- Data shown -

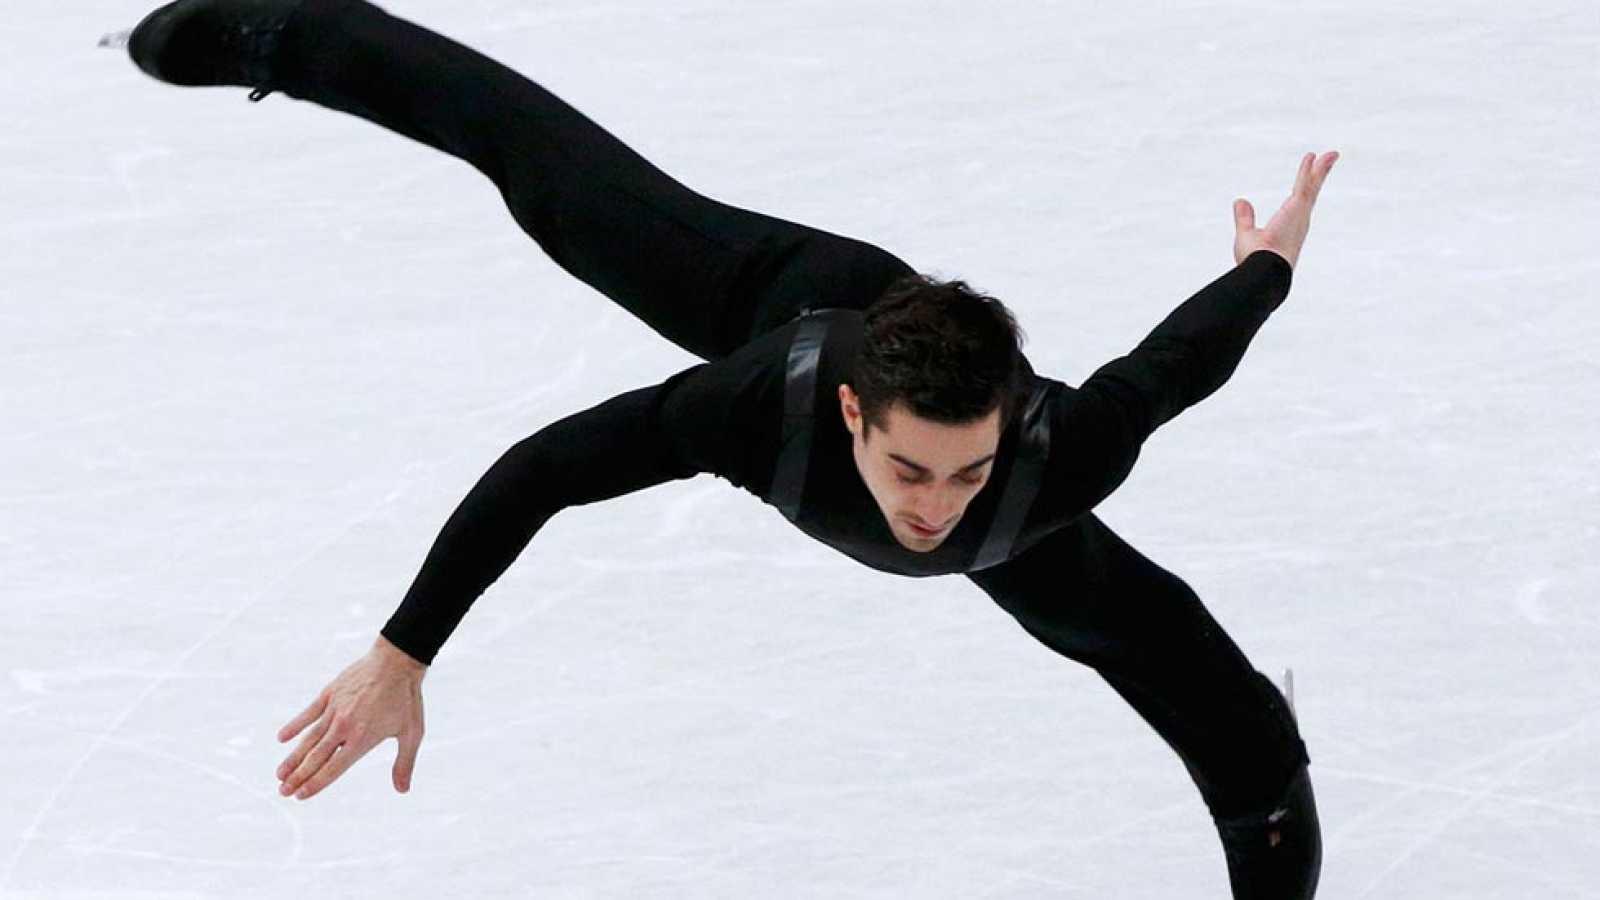 Cto. del mundo de patinaje artístico | Javier Fernández
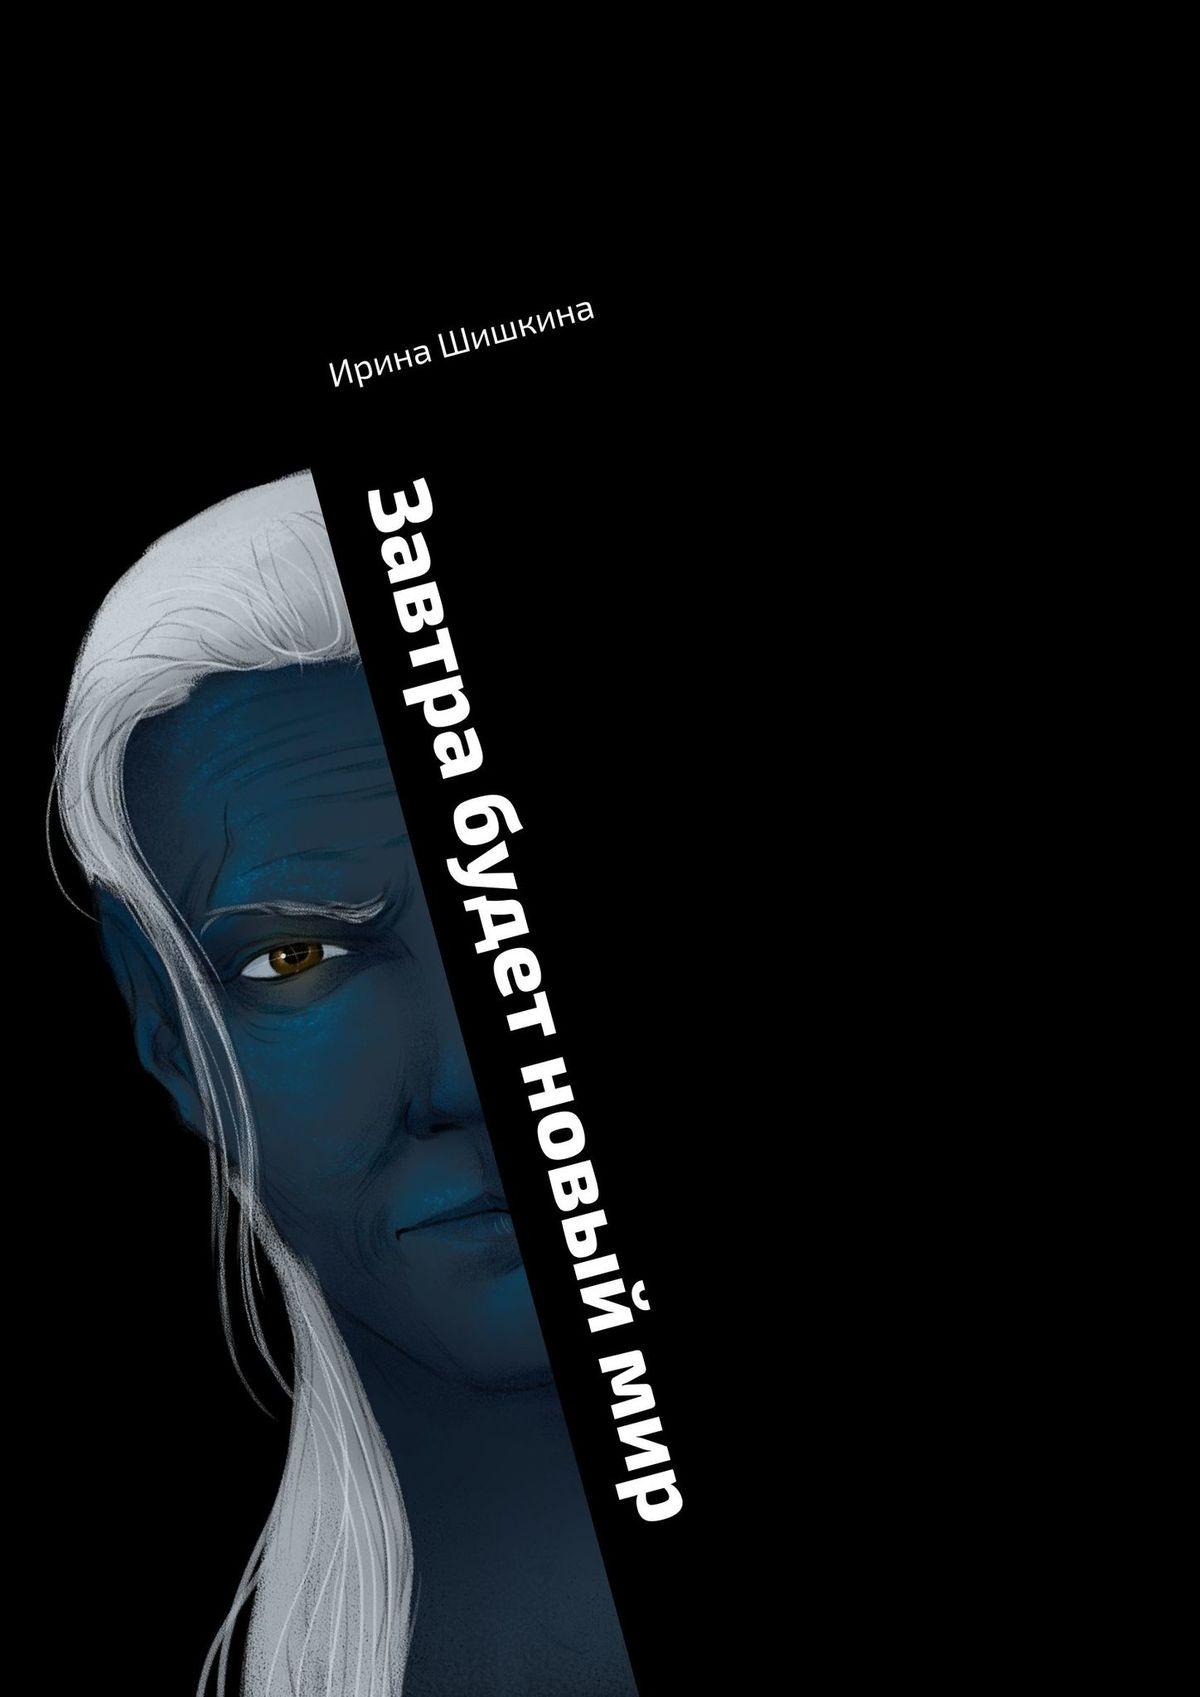 Ирина Шишкина Завтра будет новыймир. Книга 1. Черный хаксли о о дивный новый мир слепец в газе
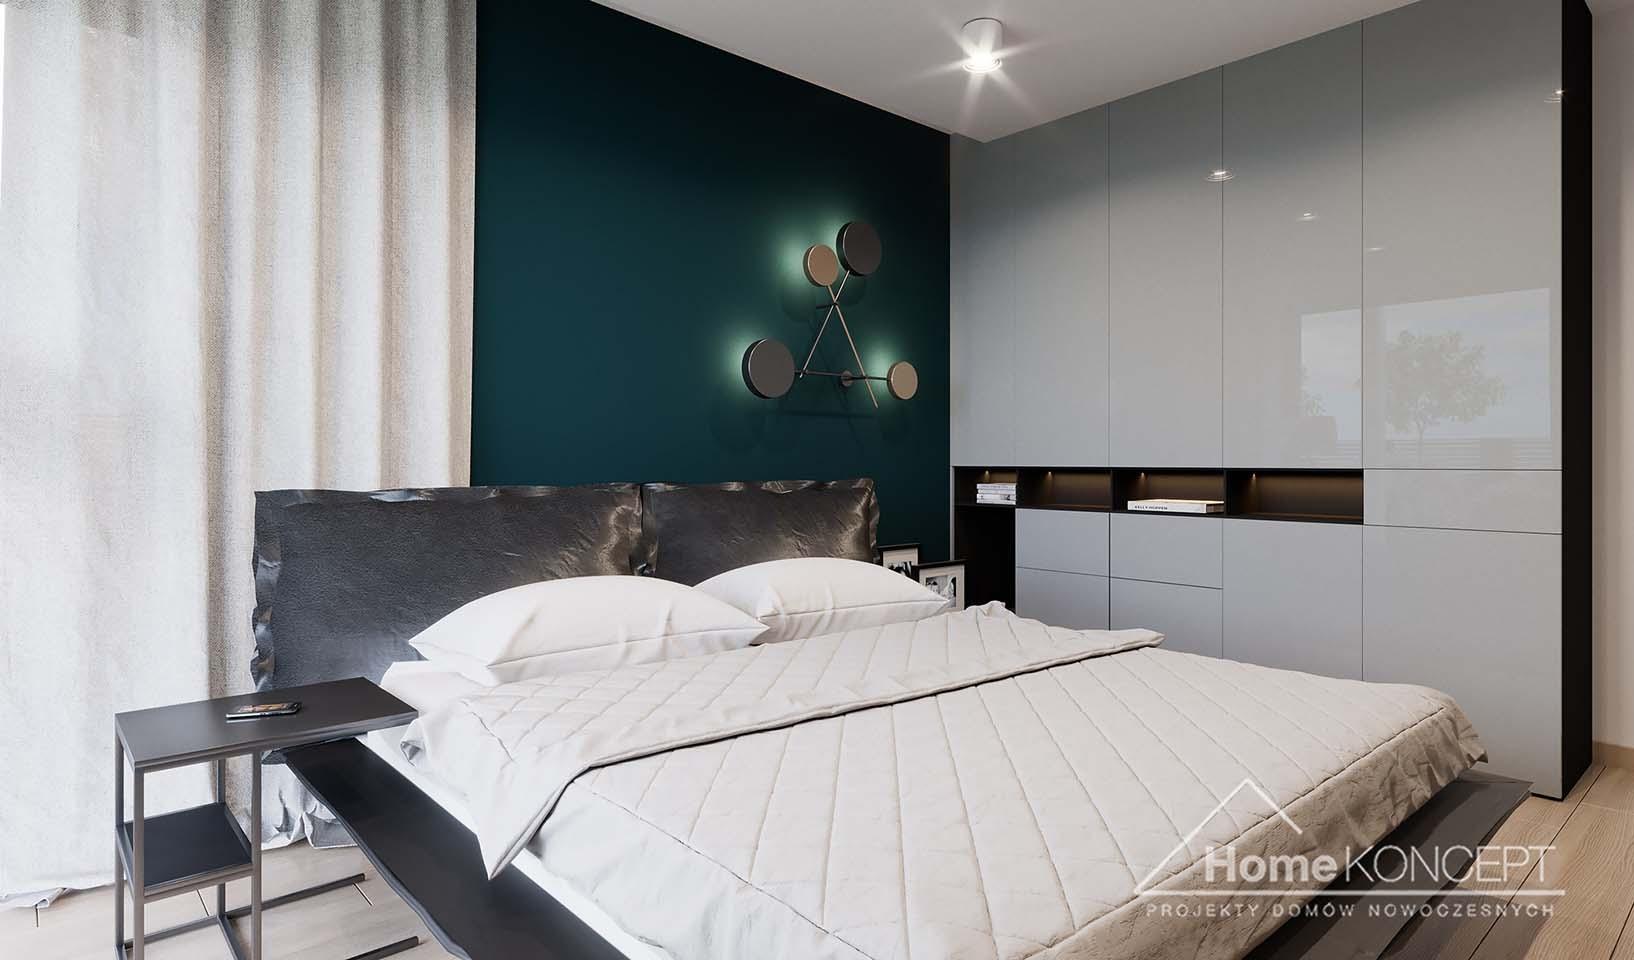 Sypialnia Hk57
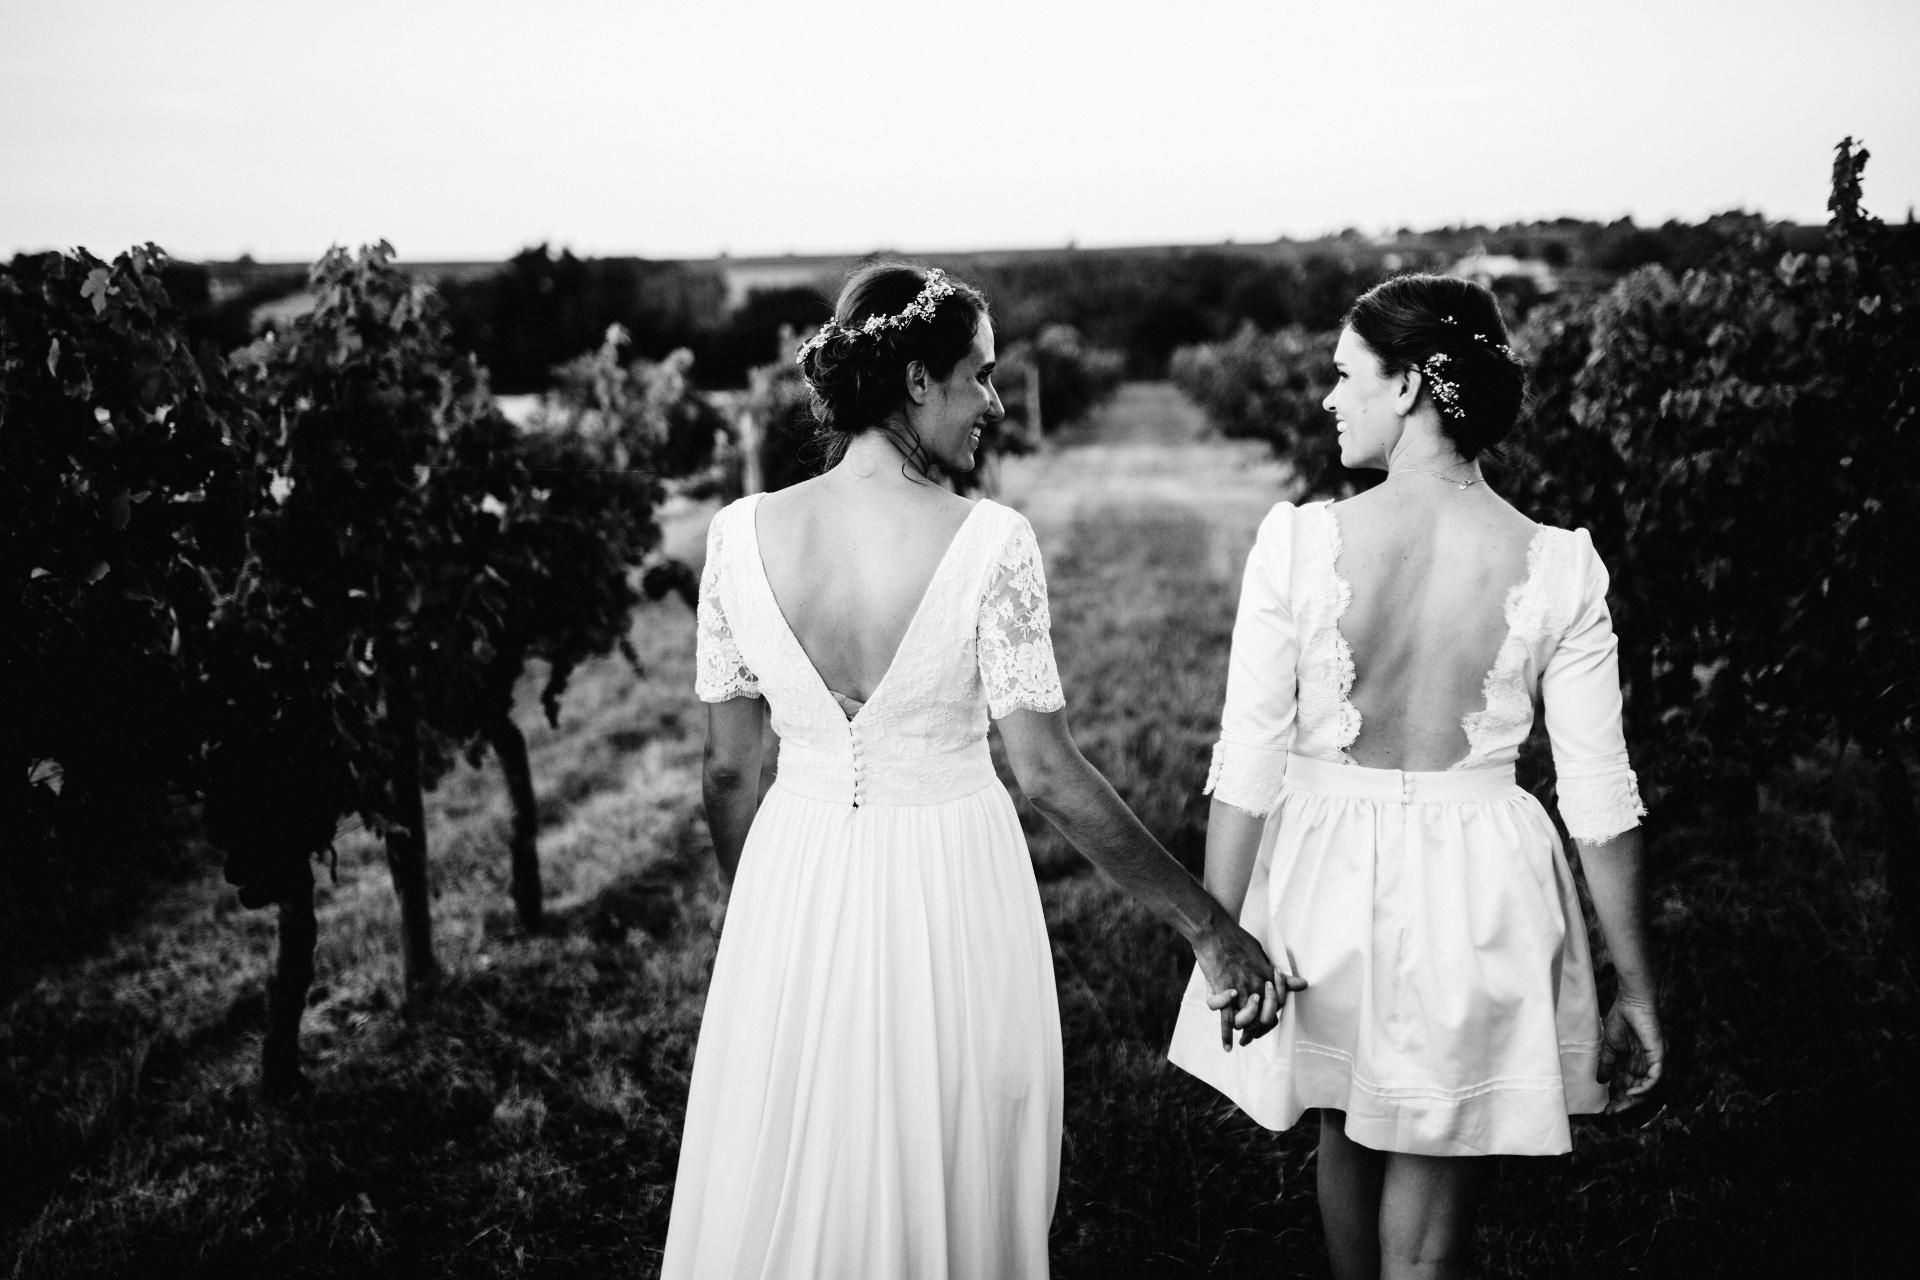 photographe-mariage-bordeaux-55.jpg

- Your instructions -
Your reply should consist solely of the lines from the one containing "Sypialnia Hk57" through the last line of the material, reproduced exactly and without pictures.

- Response to the exercise -
 Sypialnia Hk57
 photographe-mariage-bordeaux-55.jpg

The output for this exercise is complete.